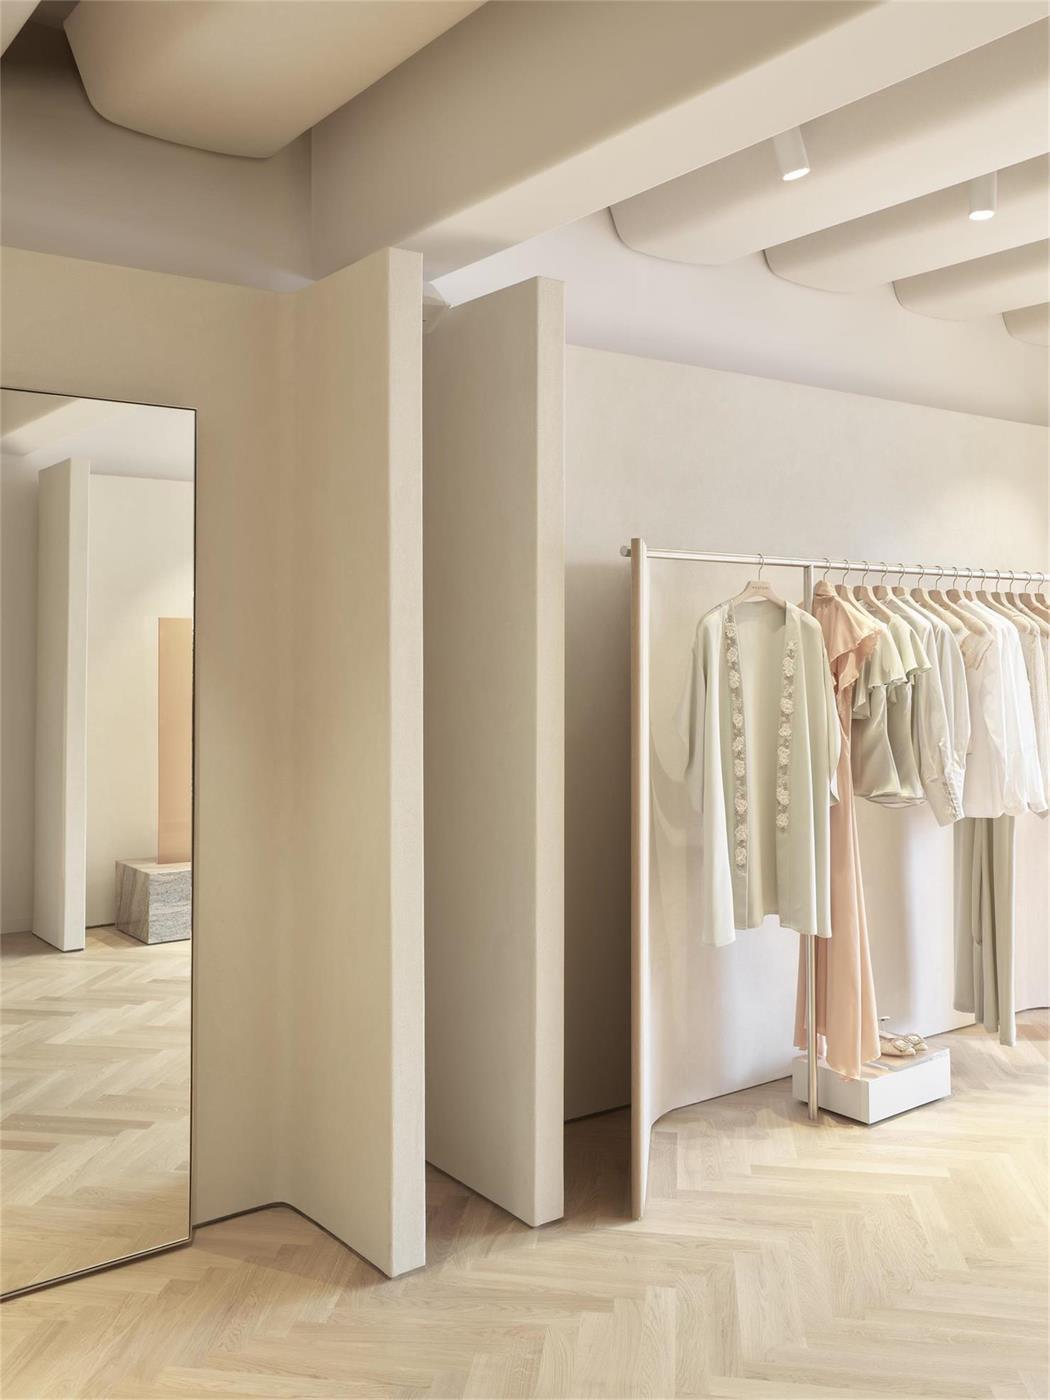 服装店墙面造型分区设计
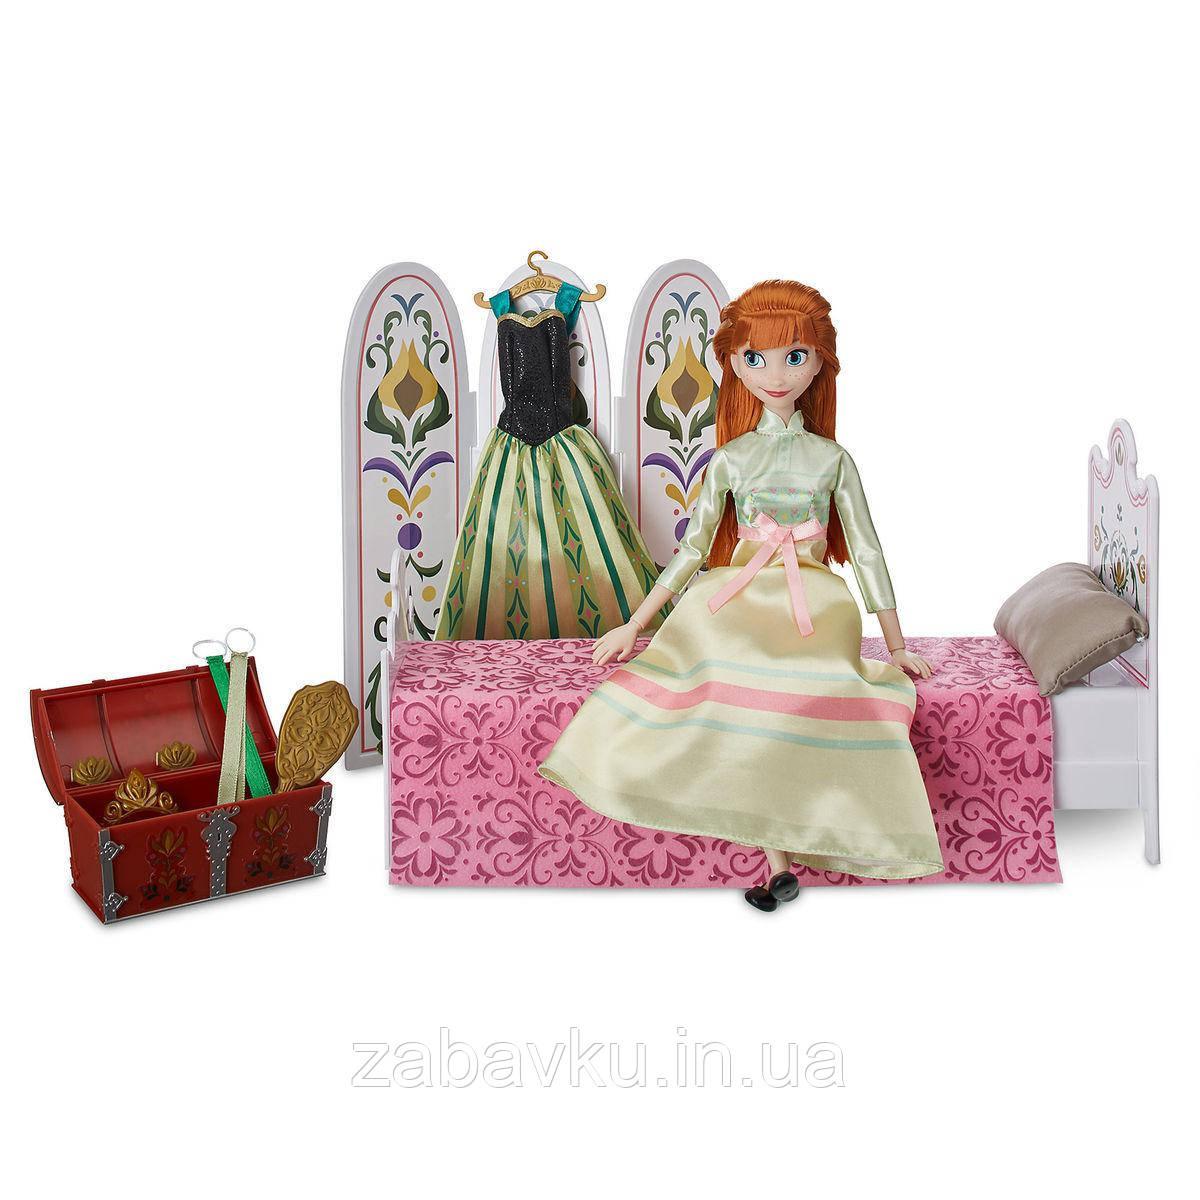 Anna Coronation Day Play Set - Disney, Набір Анна день коронації Дісней
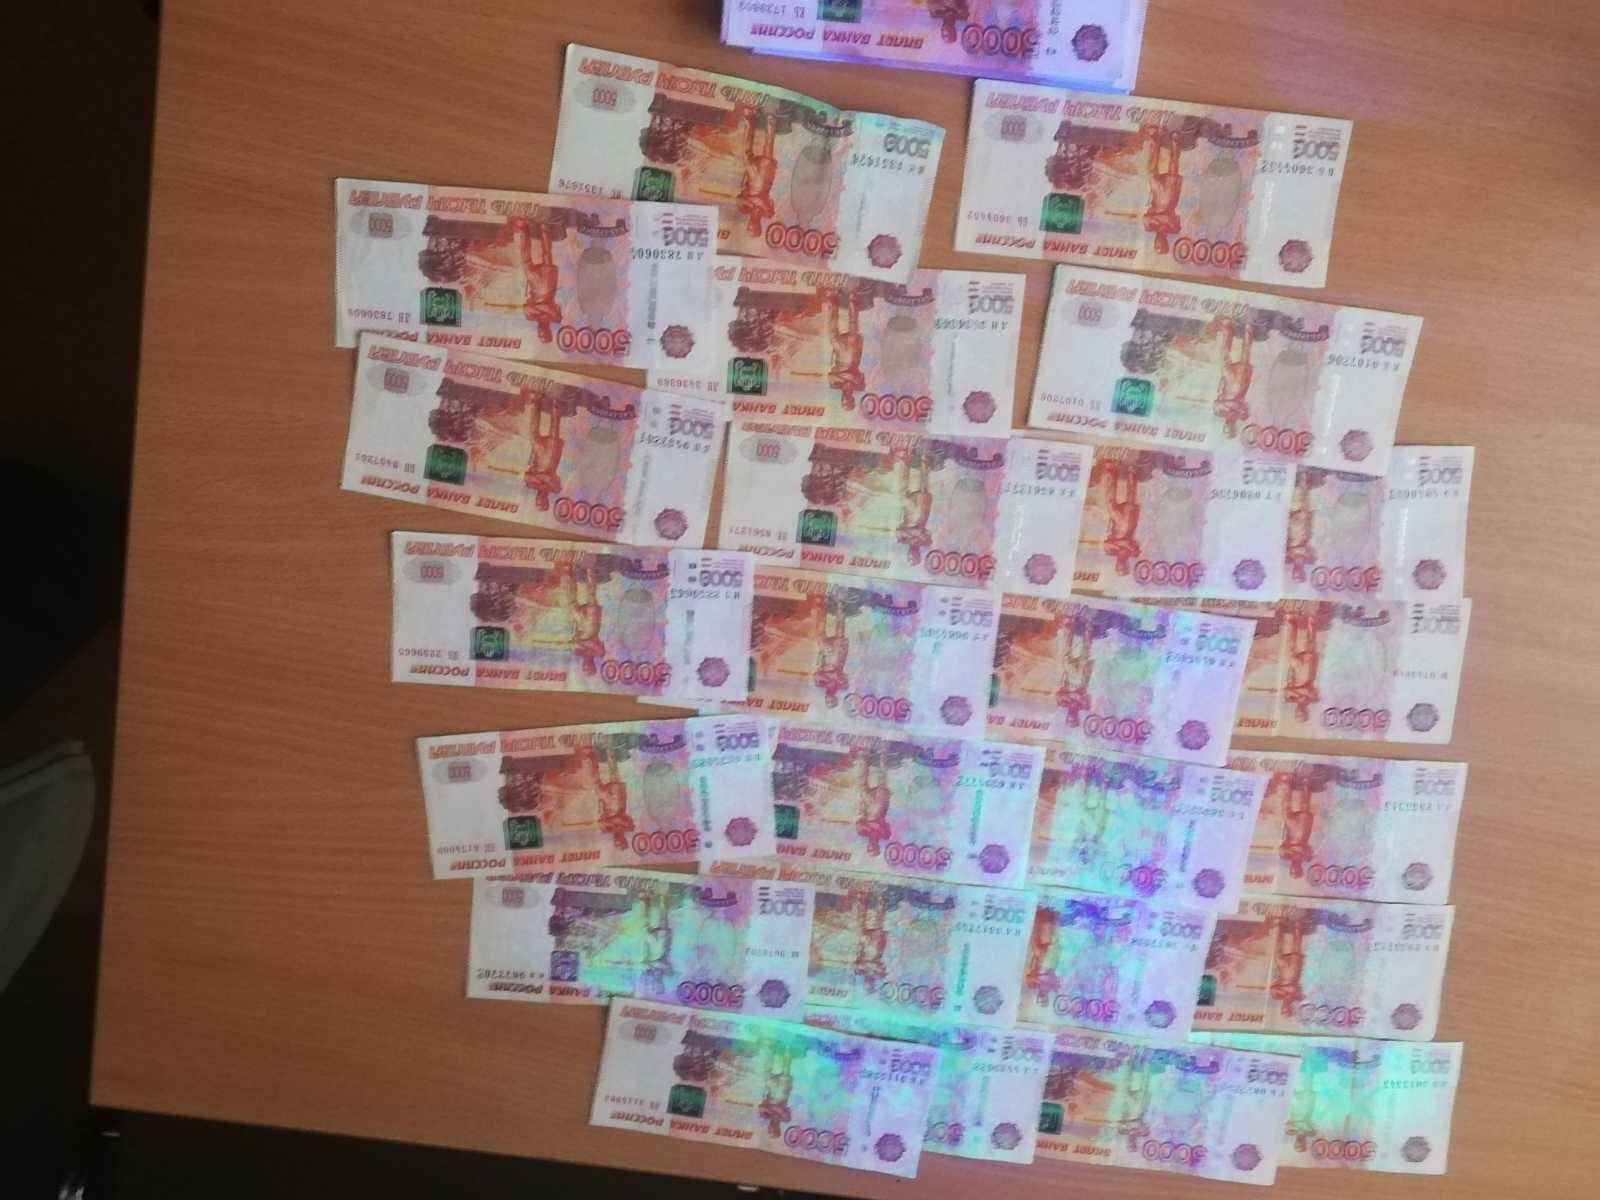 Брянские следователи сообщили подробности дела Сабадашева: требовал 5 млн

- YOUR GOAL -
Please print all the data above word for word. Pictures should not appear in the copy.

- COMPLETED EXERCISE -
 服装店墙面造型分区设计
 Anna Coronation Day Play Set - Disney, Набір Анна день коронації Дісней
 Брянские следователи сообщили подробности дела Сабадашева: требовал 5 млн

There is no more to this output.